Quilt no. 0010: Feedsack Scramble

That said, I do have something to say about Completely Cauchy’s navel gazing at small community.

I am largely at the peripheral of the Modern Quilting movement. I don’t have a huge network inside of the small community that does exist and the network I do have is entirely based off of Instagram. This is largely because I live in a rural place and partly because I like community when I can engage with text. I’ve been musing over the conversation around being accepted to or rejected from the show at Quiltcon 2015.

One of things that has frustrated me in finding quilting community was a fundamental lack of constructive criticism. I think a lot of the hurt and backlash from being rejected from QuiltCon was because there wasn’t any feedback given. If the work you are making is largely self-propelled and some what insular, it is hard to receive feedback. If the only feedback you’ve received has been overwhelmingly positive and then you are rejected from something that is propelled by the community you are part of, it feels really personal. I think being able to make a space to talk about work and give constructive criticism would be really great way for individuals and the movement alike to grow. Teaching one another both to see the successes and short-comings of the work we are making was fundamental in my growth as a maker.

Quilt no. 0010: Feedsack Scramble

Social media has made connection much easier, which is awesome. It’s awesome being part of something where everyone is each other’s cheerleaders, where we are collectively inspired by each other’s work. I believe it is part of the reason that I picked quilting back up; I wanted to make and be surrounded by people who make for the sake of making. The community around quilting, both now and historically, has largely been an organic thing. It feels the opposite of my experience in the fine art world.

One of the first things I learned in school was that I was part of a tradition. In order to move beyond what had already been done, it was imperative to learn the history of the medium and to refine craft.

After returning to it from a decade of hiatus, I approached quilting in the same way that I was taught to approach photography. The first book I read was Quilts in America. I come from a family of women who sew and quilt and grew up and lived in an area who’s quilting history has been extensively researched. My main inspiration is the Amish quilts of Lancaster county. I approach quilting with the idea of using stuff that has outgrown it’s use as one object but can be remade into something new and useful again.

Quilt no. 0010: Feedsack Scramble

I don’t think the modern quilting movement is a-historical, like Joe the Quilter says. I have seen far too many clever takes on traditional work for me to believe that most modern quilters don’t know their history. A lot of modern quilters are working from another place of reference; from fine art, modern graphic and industrial design. Even if one isn’t away of it, we live in a postmodern world where things are appropriated and mixed up and re-appropriated.
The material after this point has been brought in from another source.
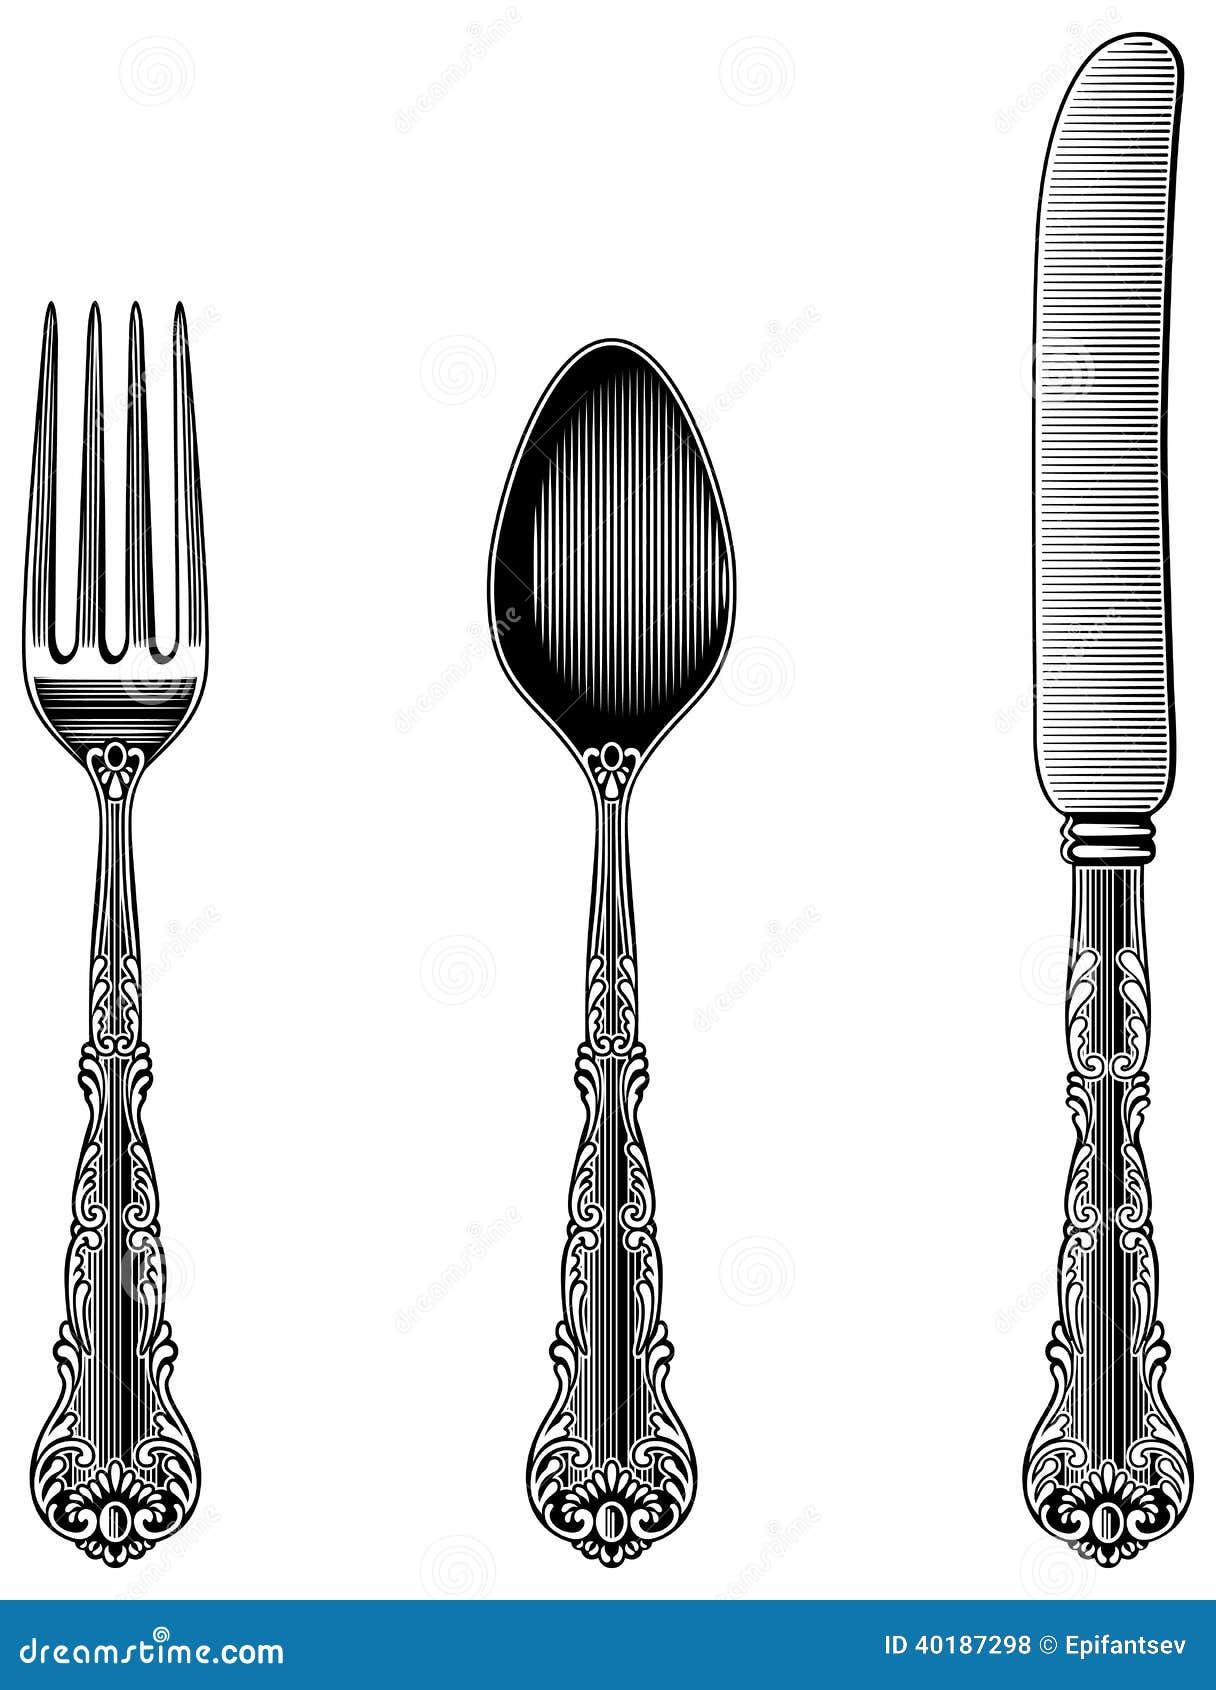 vintage cutlery clip art - photo #6

I see parallels between the criticism of modern quilts and studio quilts, when they exploded in the 90’s. When one group of makers tells another group of makers what they’re doing isn’t quite right, it does NOT foster community between the new and the old. It drives a wedge between them. I have reverence and respect for the hundreds of thousands of quilters that have left behind incredible work. I think inviting mixing between traditional quilters and modern quilters, to let the lines blur, has the potential to pass knowledge around in a circle, rather than in a line.

Quilt no. 0010: Feedsack Scramble

Similarly to what has happened with quilting through out history, modern quilting will be another movement and another means of making quilts. I think it’s harder now to have that perspective because it feels we are living in the future. The western world lives at and in the forefront of technology in a way that has never happened before. Quilters are making their own archive with every single blog, instagram, reddit, facebook and twitter post. Quilting in the 21st century may look very different then it did in the 18th, 19th and 20th century but it is still the same at the core.

The purpose is to make, to create, to construct something with one’s own hands. Regardless of intention or aesthetics, to quilt is act of self-expression.